International AI Safety Report 2025: Second Key Update: Technical Safeguards and Risk Management
- URL: http://arxiv.org/abs/2511.19863v1
- Date: Tue, 25 Nov 2025 03:12:56 GMT
- Title: International AI Safety Report 2025: Second Key Update: Technical Safeguards and Risk Management
- Authors: Yoshua Bengio, Stephen Clare, Carina Prunkl, Maksym Andriushchenko, Ben Bucknall, Philip Fox, Nestor Maslej, Conor McGlynn, Malcolm Murray, Shalaleh Rismani, Stephen Casper, Jessica Newman, Daniel Privitera, Sören Mindermann, Daron Acemoglu, Thomas G. Dietterich, Fredrik Heintz, Geoffrey Hinton, Nick Jennings, Susan Leavy, Teresa Ludermir, Vidushi Marda, Helen Margetts, John McDermid, Jane Munga, Arvind Narayanan, Alondra Nelson, Clara Neppel, Gopal Ramchurn, Stuart Russell, Marietje Schaake, Bernhard Schölkopf, Alavaro Soto, Lee Tiedrich, Gaël Varoquaux, Andrew Yao, Ya-Qin Zhang, Leandro Aguirre, Olubunmi Ajala, Fahad Albalawi, Noora AlMalek, Christian Busch, André Carvalho, Jonathan Collas, Amandeep Gill, Ahmet Hatip, Juha Heikkilä, Chris Johnson, Gill Jolly, Ziv Katzir, Mary Kerema, Hiroaki Kitano, Antonio Krüger, Aoife McLysaght, Oleksii Molchanovskyi, Andrea Monti, Kyoung Mu Lee, Mona Nemer, Nuria Oliver, Raquel Pezoa, Audrey Plonk, José Portillo, Balaraman Ravindran, Hammam Riza, Crystal Rugege, Haroon Sheikh, Denise Wong, Yi Zeng, Liming Zhu,
- Abstract summary: Second update to the 2025 International AI Safety Report assesses new developments in general-purpose AI risk management over the past year.<n> examines how researchers, public institutions, and AI developers are approaching risk management for general-purpose AI.
- Score: 115.92752850425272
- License: http://creativecommons.org/licenses/by/4.0/
- Abstract: This second update to the 2025 International AI Safety Report assesses new developments in general-purpose AI risk management over the past year.
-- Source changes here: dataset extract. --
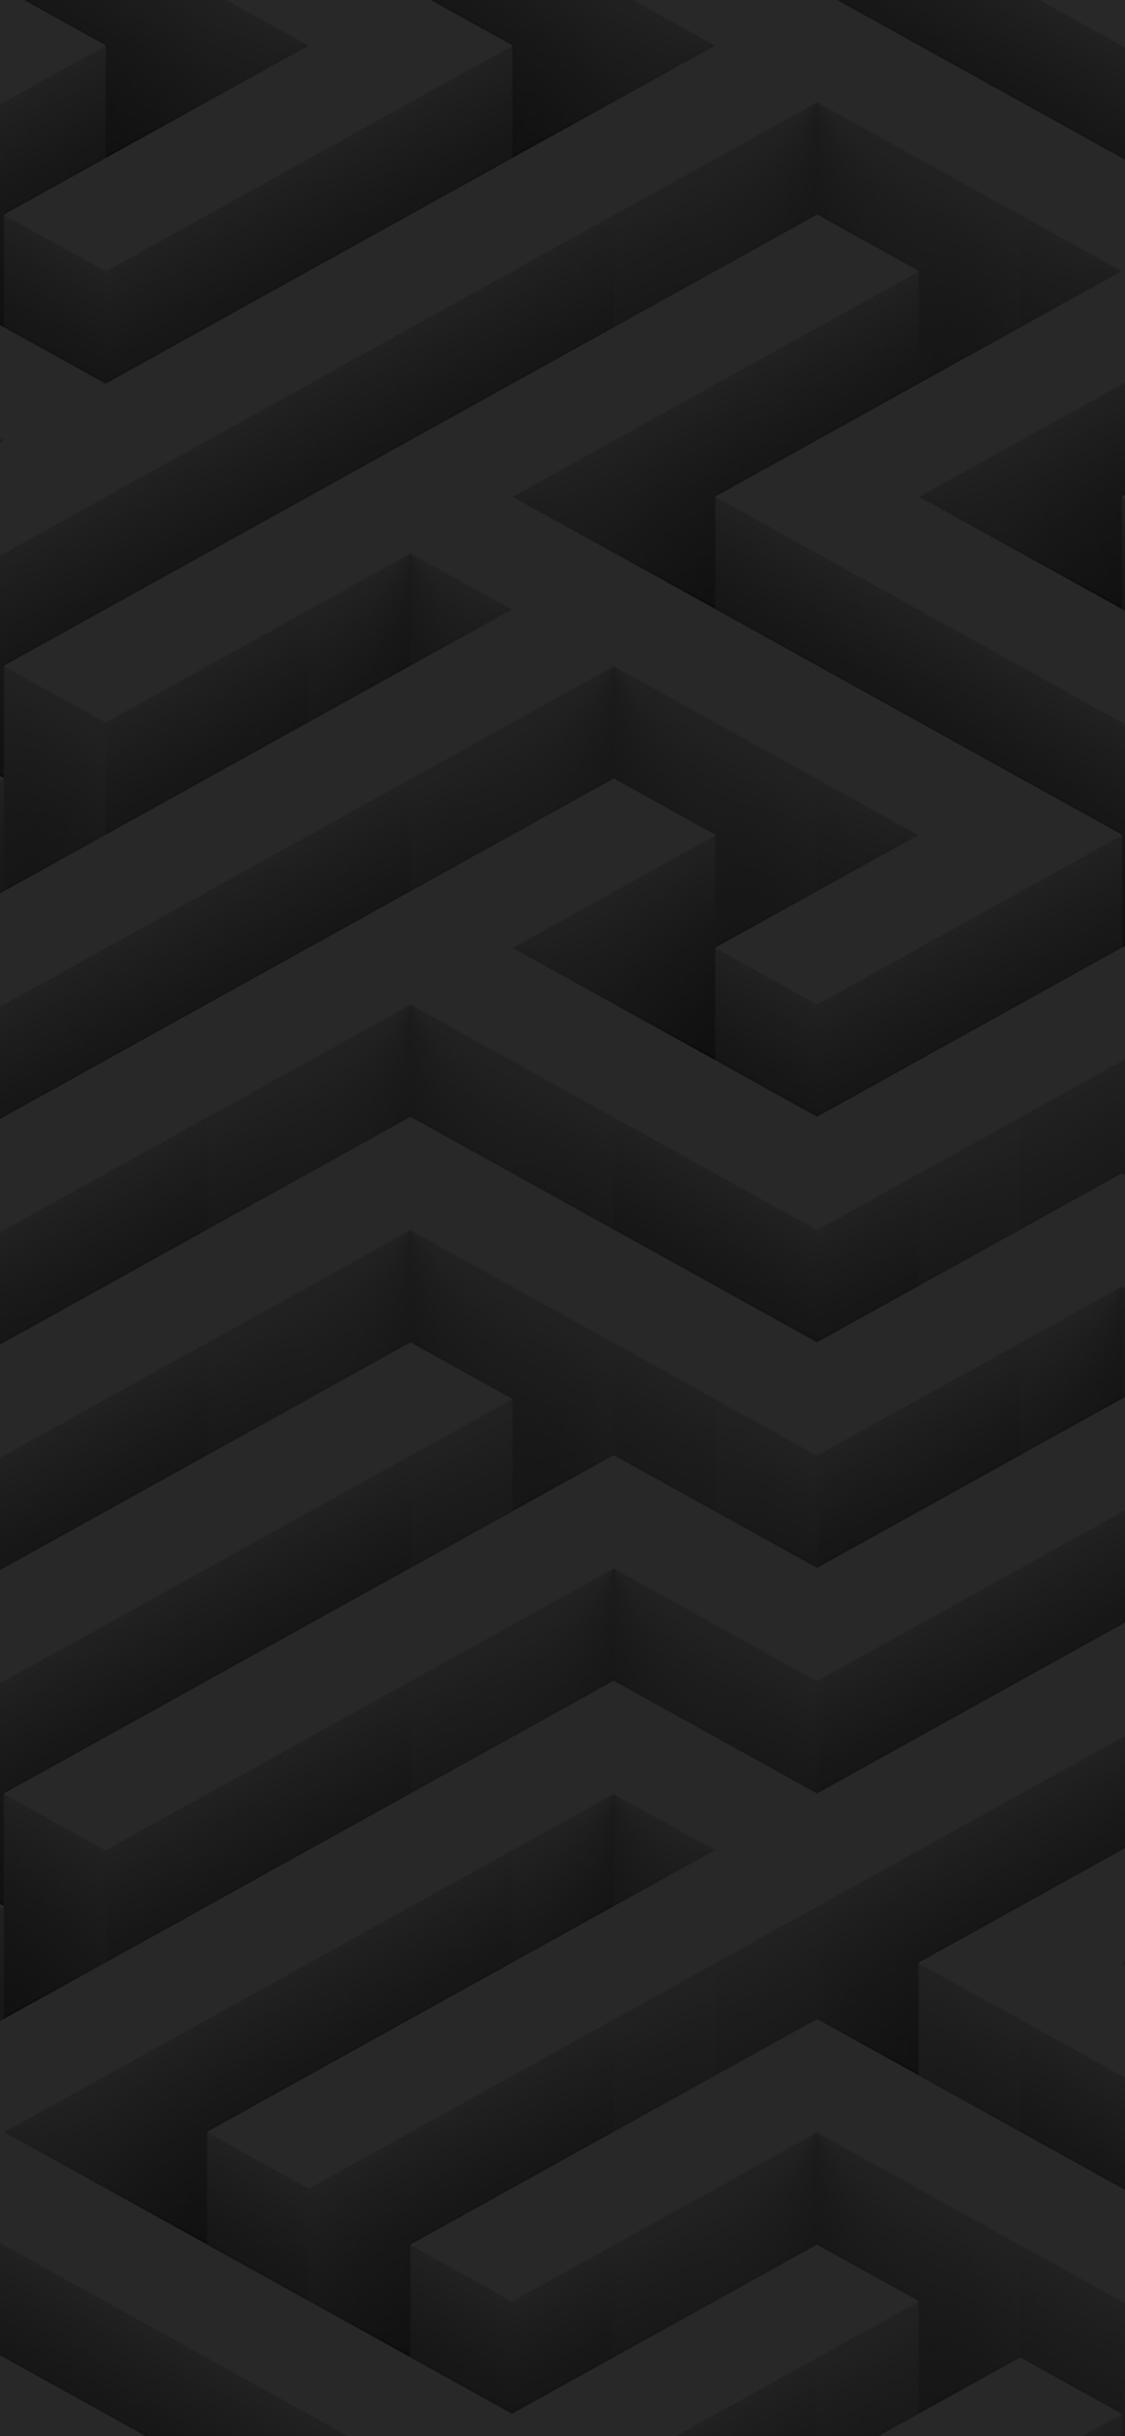 iPhoneXpapers.com-Apple-iPhone-wallpaper-ve67-maze-art-dark-abstract-patterns

It examines how researchers, public institutions, and AI developers are approaching risk management for general-purpose AI. In recent months, for example, three leading AI developers applied enhanced safeguards to their new models, as their internal pre-deployment testing could not rule out the possibility that these models could be misused to help create biological weapons. Beyond specific precautionary measures, there have been a range of other advances in techniques for making AI models and systems more reliable and resistant to misuse. These include new approaches in adversarial training, data curation, and monitoring systems. In parallel, institutional frameworks that operationalise and formalise these technical capabilities are starting to emerge: the number of companies publishing Frontier AI Safety Frameworks more than doubled in 2025, and governments and international organisations have established a small number of governance frameworks for general-purpose AI, focusing largely on transparency and risk assessment.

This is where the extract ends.